Acharya Jnansagar or Gyansagar (1891–1973) was a Digambara Jain Acharya of 20th century who composed many Sanskrit epics. He initiated Acharya Vidyasagar in 1968 as a monk and 1972 as an Acharya.

Biography 
He was born in 1891 as Bhooramal Chhabra (). His father was named Chaturbhuj Chhabra and mother Ghritbhari Devi. He was second of five brothers (Chhaganlal being the eldest and Gangaprasad, Gaurilal and Devdatt being the younger brothers).

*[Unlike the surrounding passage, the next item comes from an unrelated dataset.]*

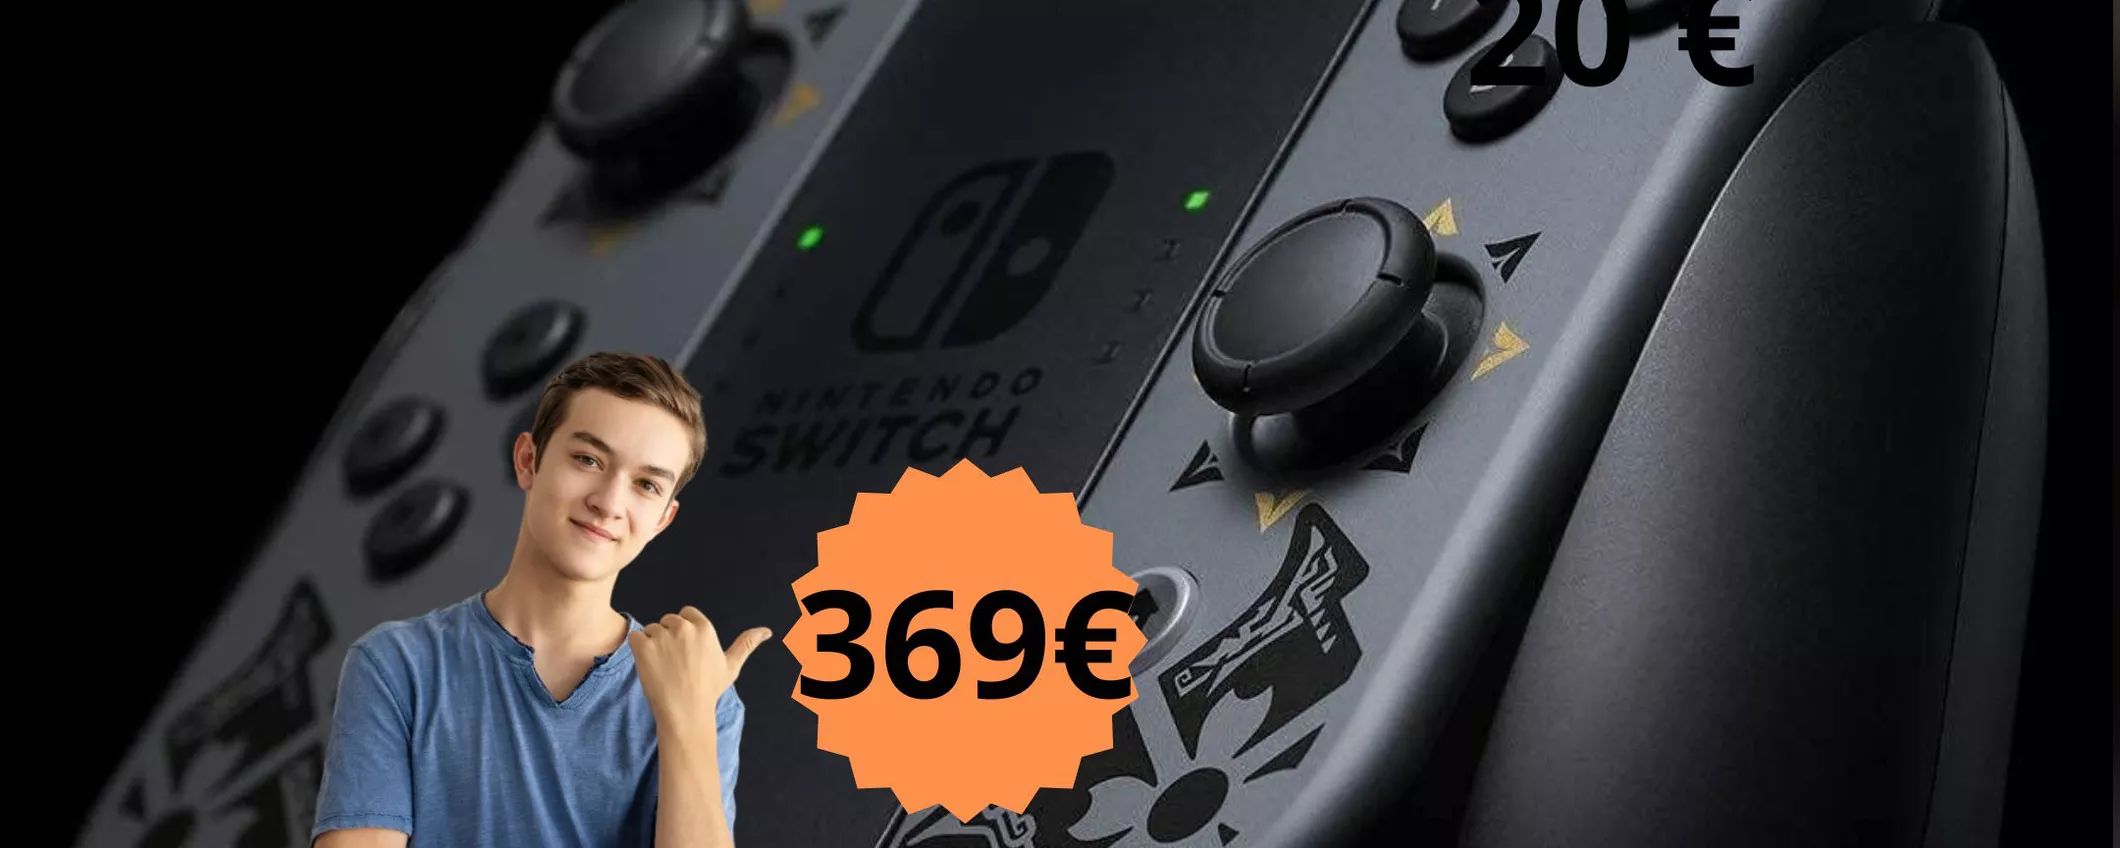 Nintendo Switch Edizione Speciale Monster Hunter Rise è ora in OFFERTA! Risparmi 30 euro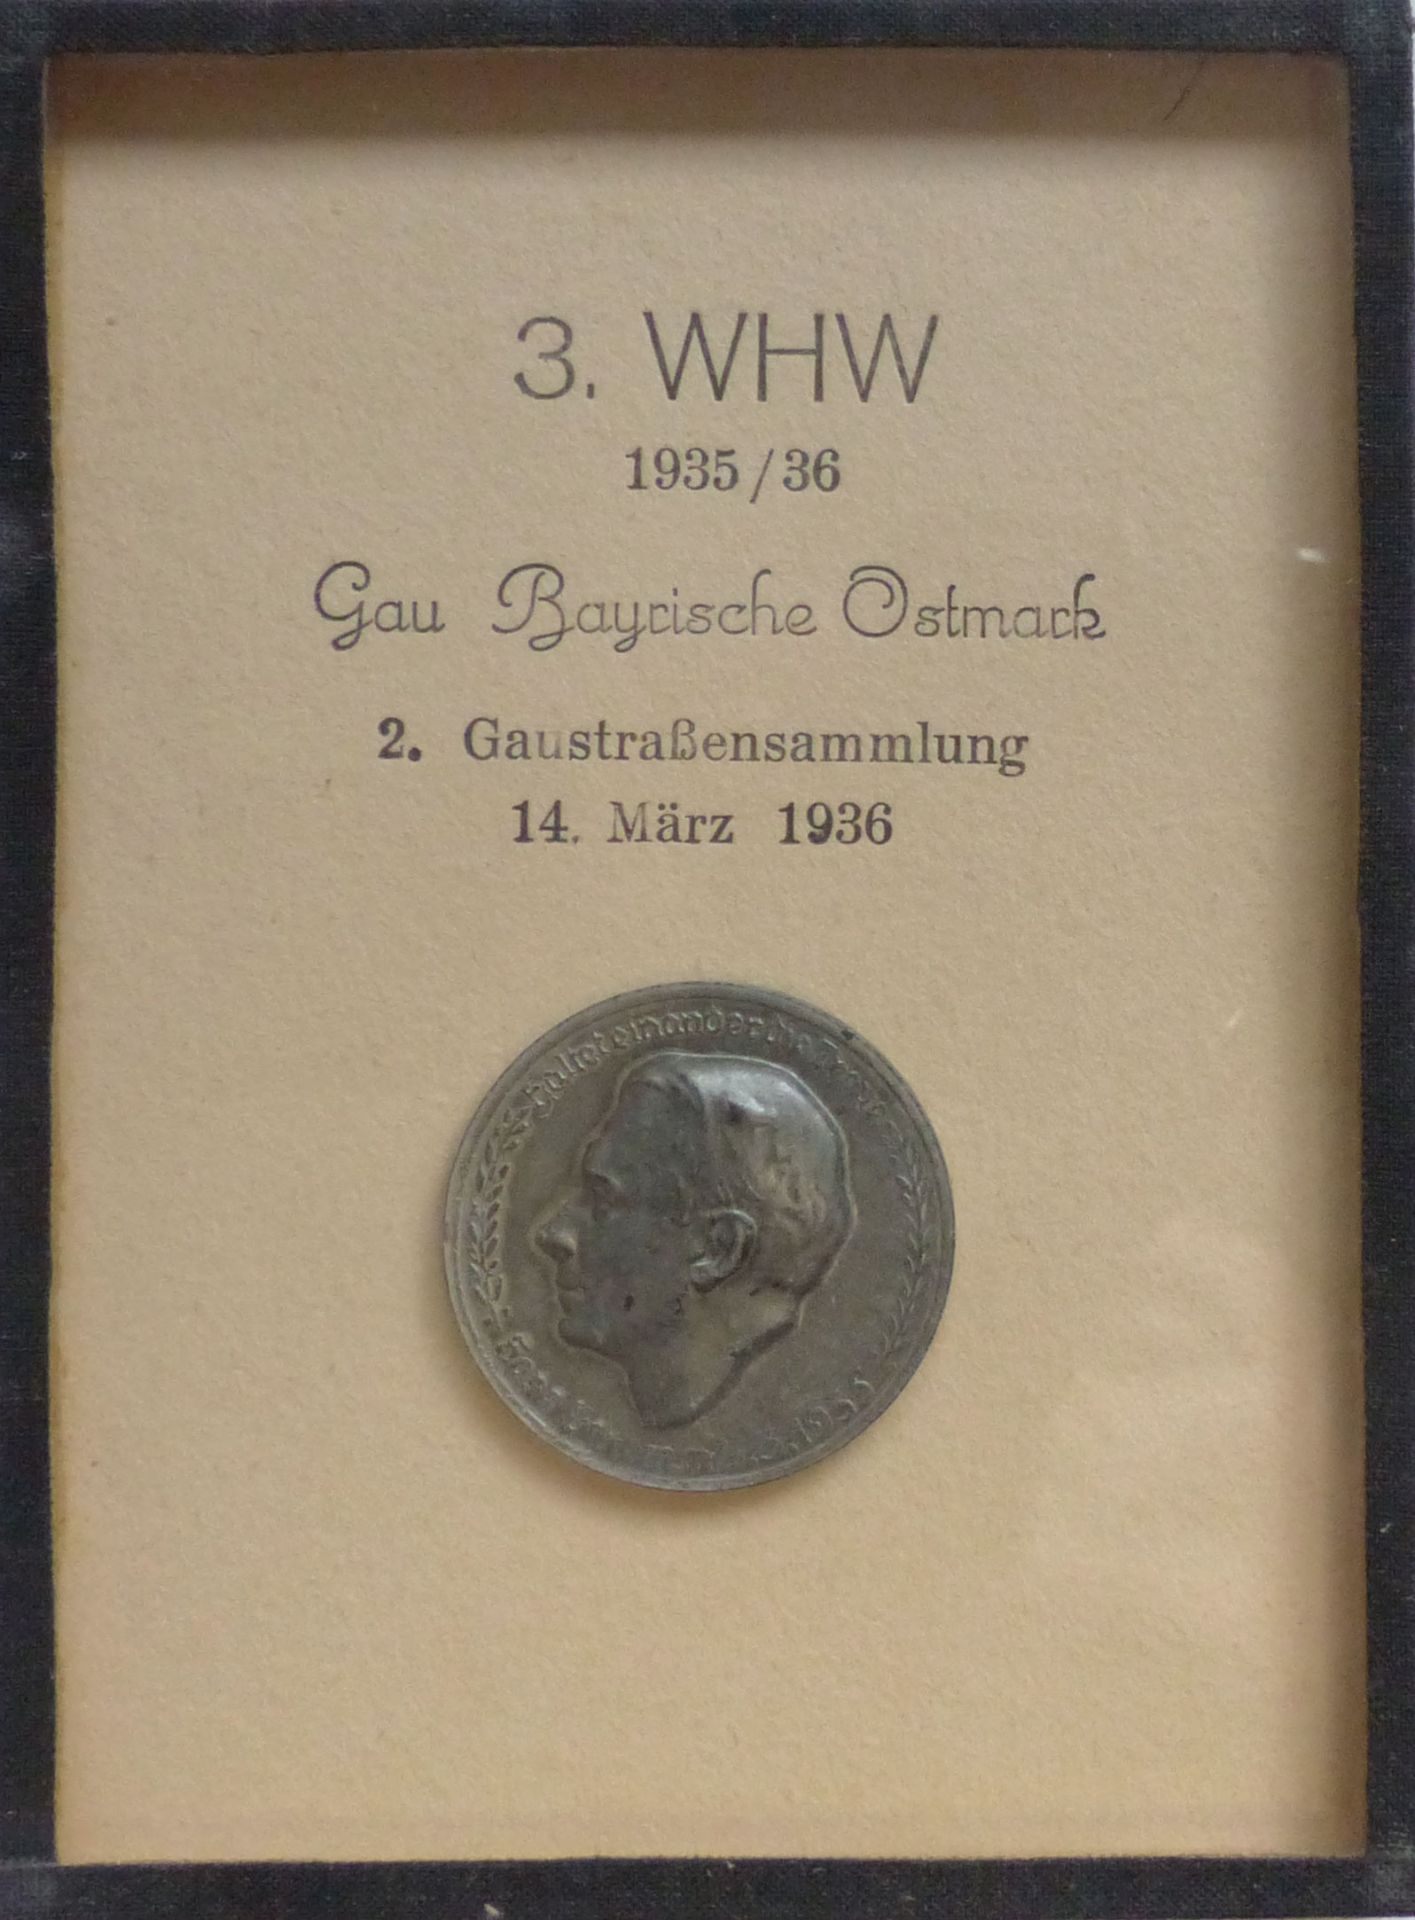 WHW Gau Bayrische Ostmark Gaustraßensammlung März 1936 Abzeichen Rahmen 9x12 cm I-II

After completing primary studies in his village, he further studied Sanskrit and Jain philosophy in Banaras at the famous Syadvad Mahavidyalaya founded by Ganeshprasad Varni. He was initiated a kshullak (Junior monk) by Acharya Veersagar who belonged to the lineage of Acharya Shantisagar. He was then named kshullak Gyanbhusan. He remained a kshullak for 2 years and 2 more years as Ailak before becoming a Muni (Full monk).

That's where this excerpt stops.